Introduction. For children, many drugs are used without marketing authorization (“unlicensed”, e.g. imported drugs, drugs prepared by a pharmacy) or outside the terms of marketing authorization (“off-label”). In Switzerland, around half of all prescriptions for paediatric inpatients were either off-label or unlicensed [1].

Purpose To determine the proportion of unlicensed and off-label prescriptions at discharge, which has not been investigated previously, and the proportion of parents informed about such a prescription.

Materials and Methods Prospective study including all discharge prescriptions of inpatients over a two-month period at the Children’s Hospital of Aarau. Exclusion criteria: hospitalisation for chemotherapy only, age over 18, re-entry during study period, no informed consent of parents. At discharge parents were asked to fill in a questionnaire about the information they got on discharge medicines as well as about their satisfaction with this information. This questionnaire was available in German, French, Croatian, Turkish, Albanian, Spanish and English.

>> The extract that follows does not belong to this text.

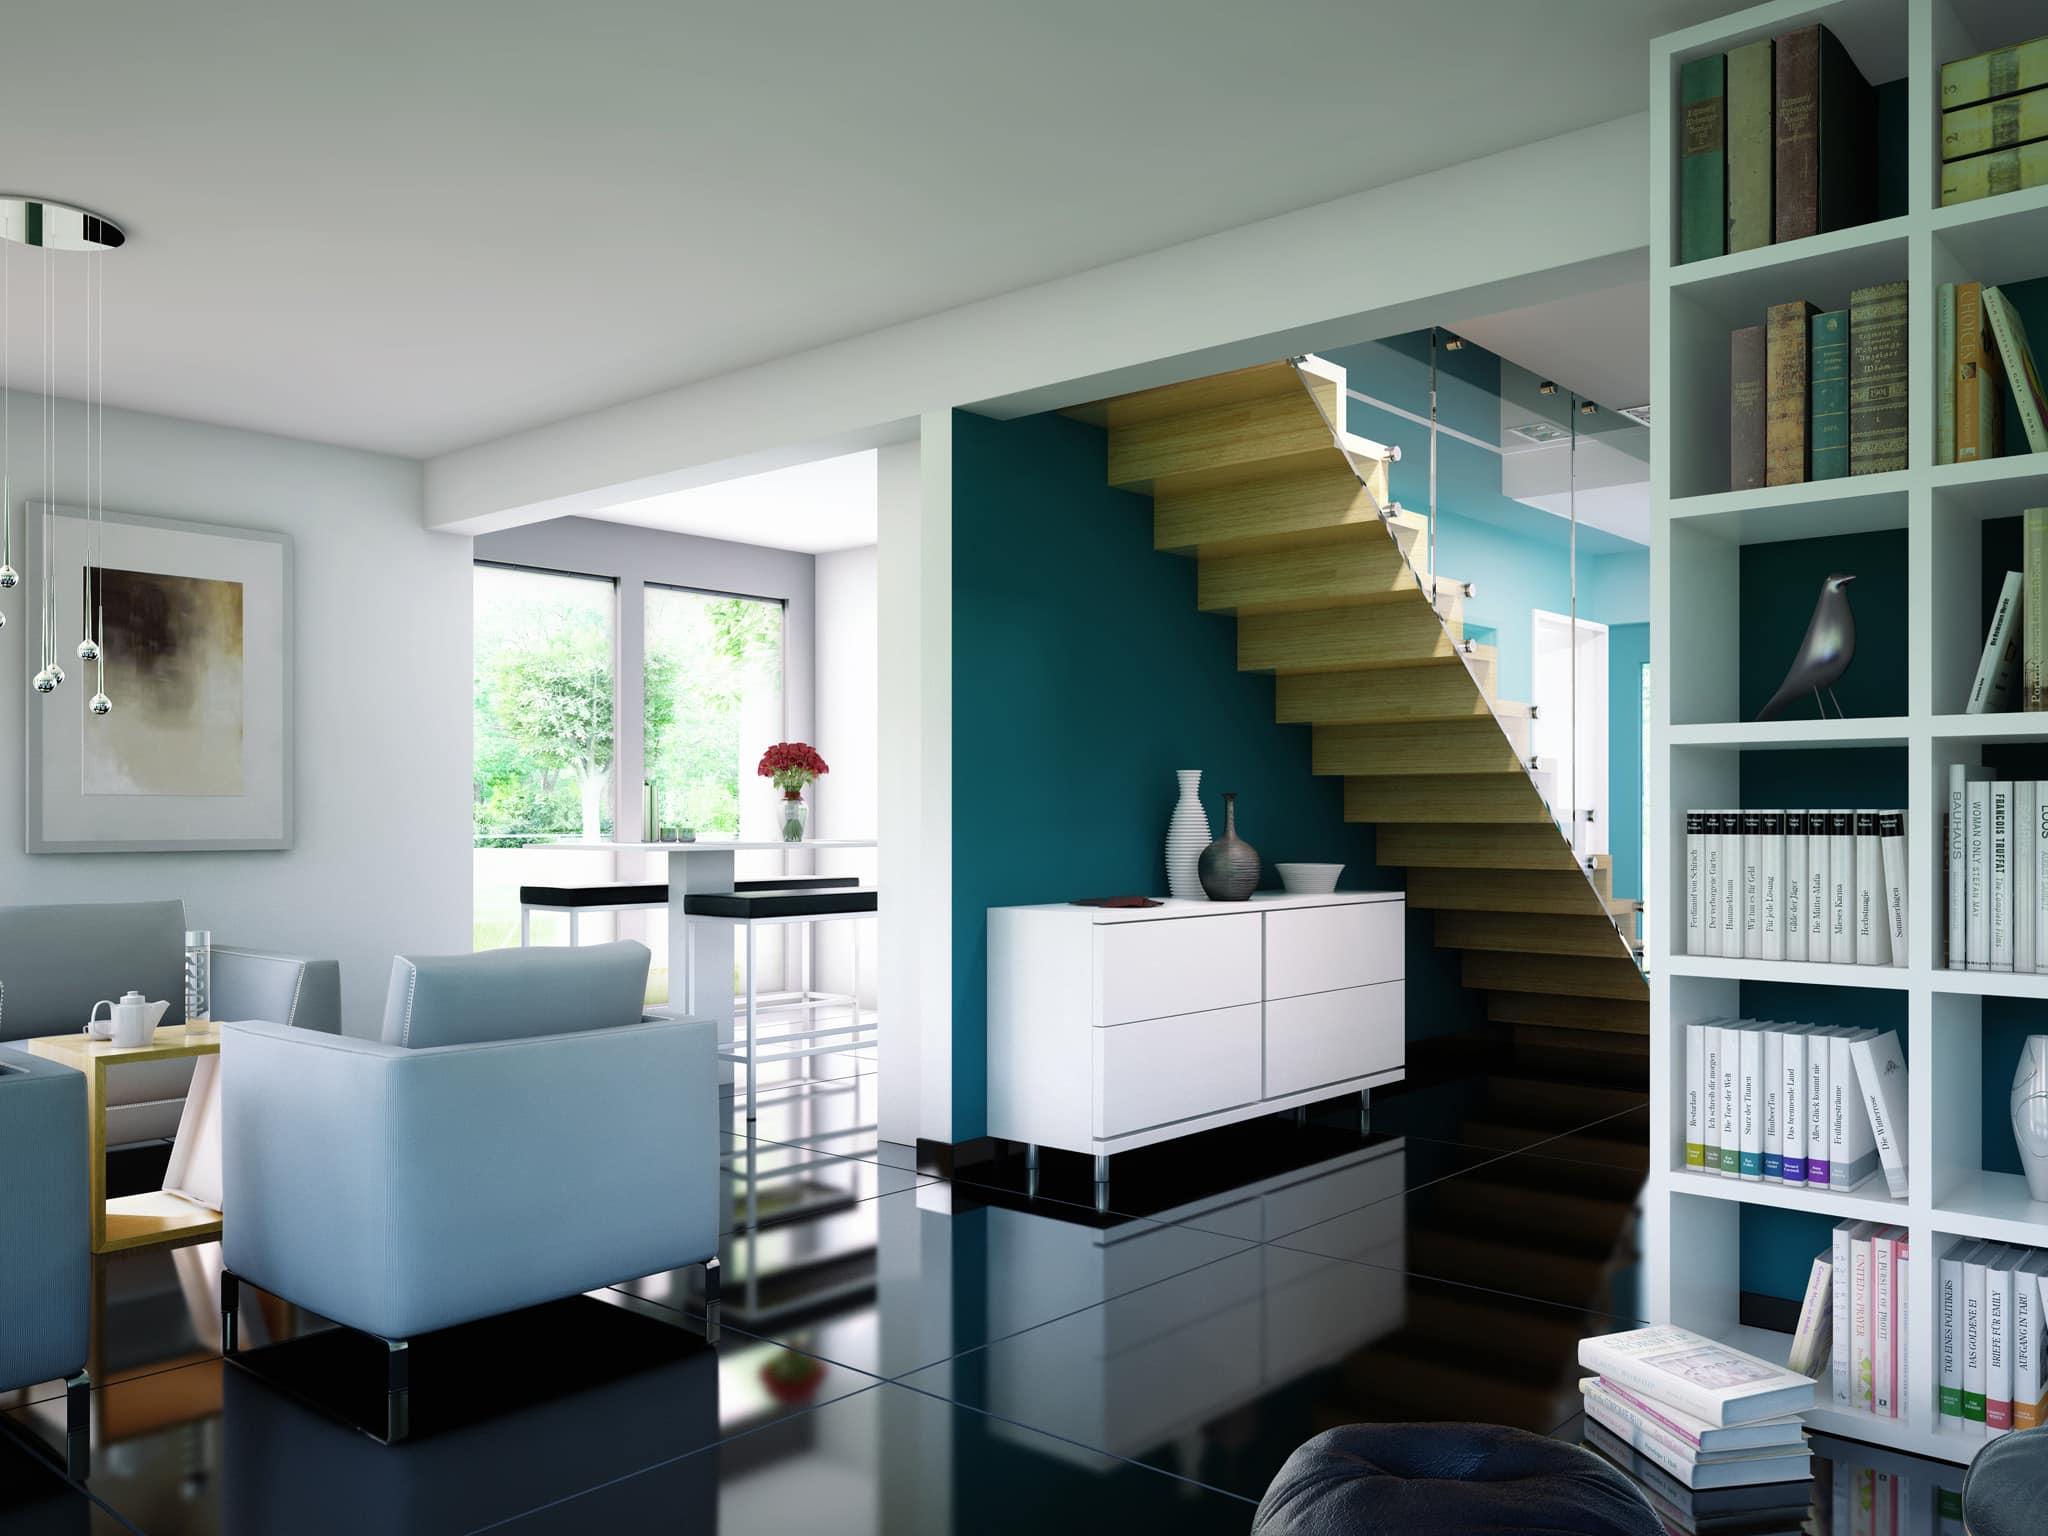 Modernes Wohnzimmer mit Essbereich - Inneneinrichtung Haus Ideen Bien Zenker Fertighaus EVOLUTION 134 V8 - HausbauDirekt.de

Results During the study period 503 children were discharged, 231 children could be included. Discharge prescriptions were written for 140 children (61%). A total of 227 drugs were prescribed, especially anti-inflammatory/analgesic, anti-asthmatic and anti-infective drugs. 38.5% of all prescriptions were off-label, regarding dosage in 51%, age in 40% and indication in 9% of all cases. Only 0.5% of drugs were unlicensed. Discharge questionnaires were returned by 103 of 140 children. Most parents (>80%) were informed about purpose, dosage and use of the drugs for their child, and satisfied with obtained information, but only 9% of parents getting an off-label/unlicensed prescription for their child were informed about the off-label/unlicensed use.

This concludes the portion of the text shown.